Last month, the nation got a taste of Bishop Jaime Soto, auxiliary of its diocese, talking up the Catholic response to immigration amid recent raids on undocumented workers in prime-time on CNN.

"For us, the Catholic Church of the United States is an immigrant church," he said. "And through the years, both through our schools or our social services, our hospitals, we've been very involved with immigrants since our beginning." Soto went on to say that "the raids really don't go after the perpetrators, the real perpetrators of identity theft, that the perpetrators of this crime, who are, in fact, the real criminals in this case."

Before that splash, the auxiliary with Ivy League cred -- a master's from Columbia -- caught the ad intra attention of many by being tapped to join a group of heavyweights (Murph, McCarrick, Mahony, et al.) on the roster of the US bishops' catechetical talks at 2005's World Youth Day in Cologne. The just-turned-51 prelate, a bishop since 2000, chairs the USCCB's Subcommittee on Youth & Young Adult Ministry.
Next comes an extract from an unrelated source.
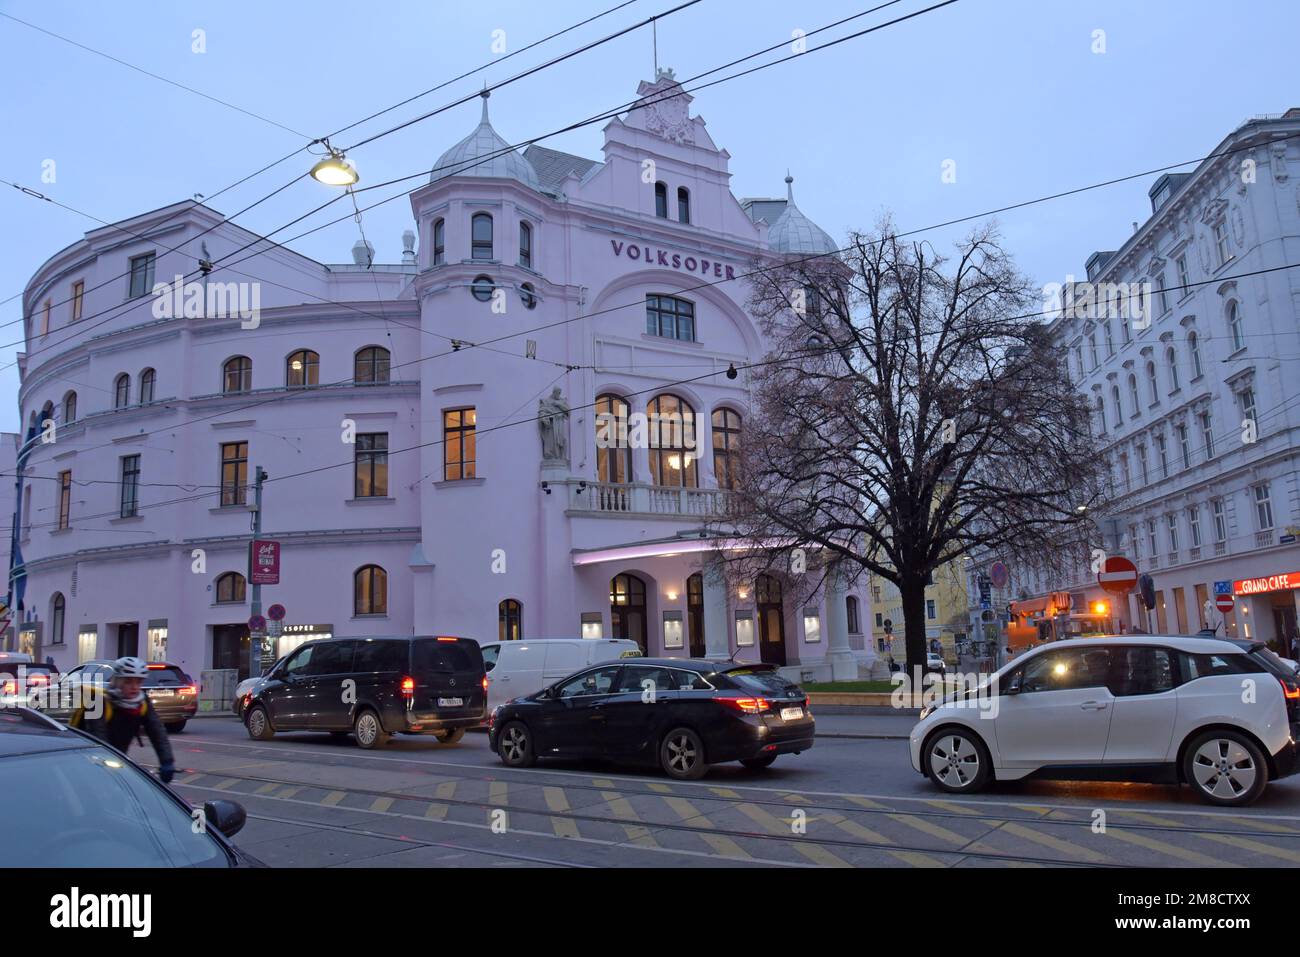 The Volksoper, Währinger Str, Vienna, Austria, 1898 built theatre & opera house. Location for James Bond 007 film The Living Daylights Stock Photo

Particularly given the Latino explosion in Utah over the last decade, his name's been mentioned prominently for Salt Lake. And now, given Bishop Richard Garcia's appointment to Monterey, a floater's out there that Soto might end up instead as coadjutor in California's capital city, Sacramento, where his policy savvy would be exercised to the max.

Moral of the story: wherever the destination, he's going somewhere, and quick.
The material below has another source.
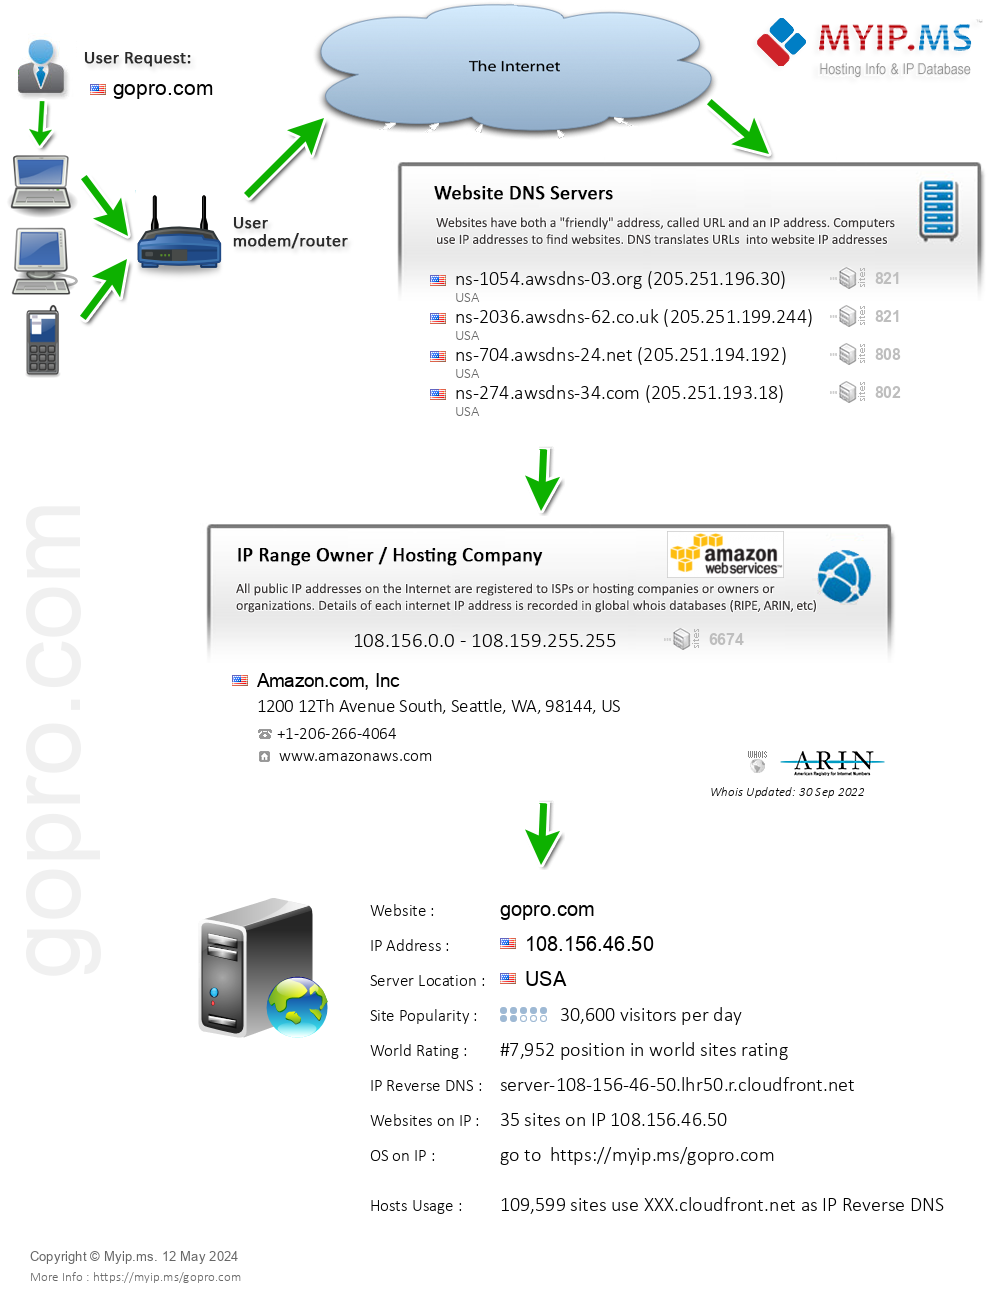 Gopro.com - Website Hosting Visual IP Diagram

While they can still claim him in the (non-dramatized and, ergo, regrettably Rachel Bilson-less) OC, the hometown paper there takes note of his approach to "taboo topics":
[H]ere's Auxiliary Bishop Jaime Soto, presiding over a mass where he's trying to explain what AIDS is, and how it's contracted, to a working-class, Spanish-speaking, immigrant congregation.

And here's Soto, leading a workshop called "Somos templos del Espíritu Santo: La sexualidad humana y el joven latino," or "We Are Temples of the Holy Spirit: Human Sexuality and the Latin American Youth," to a standing-room-only crowd.

Soto will be the first to admit that words sometimes stick in the back of his throat. But he soldiers on. Someone needs to address the joys and dangers of human sexuality head-on with the Spanish-speaking immigrant community. Preferably, someone highly respected, with great influence and moral authority. Who better than the man from Stanton who used to play priest in his back yard and make the other kids line up under the apricot trees to receive bread?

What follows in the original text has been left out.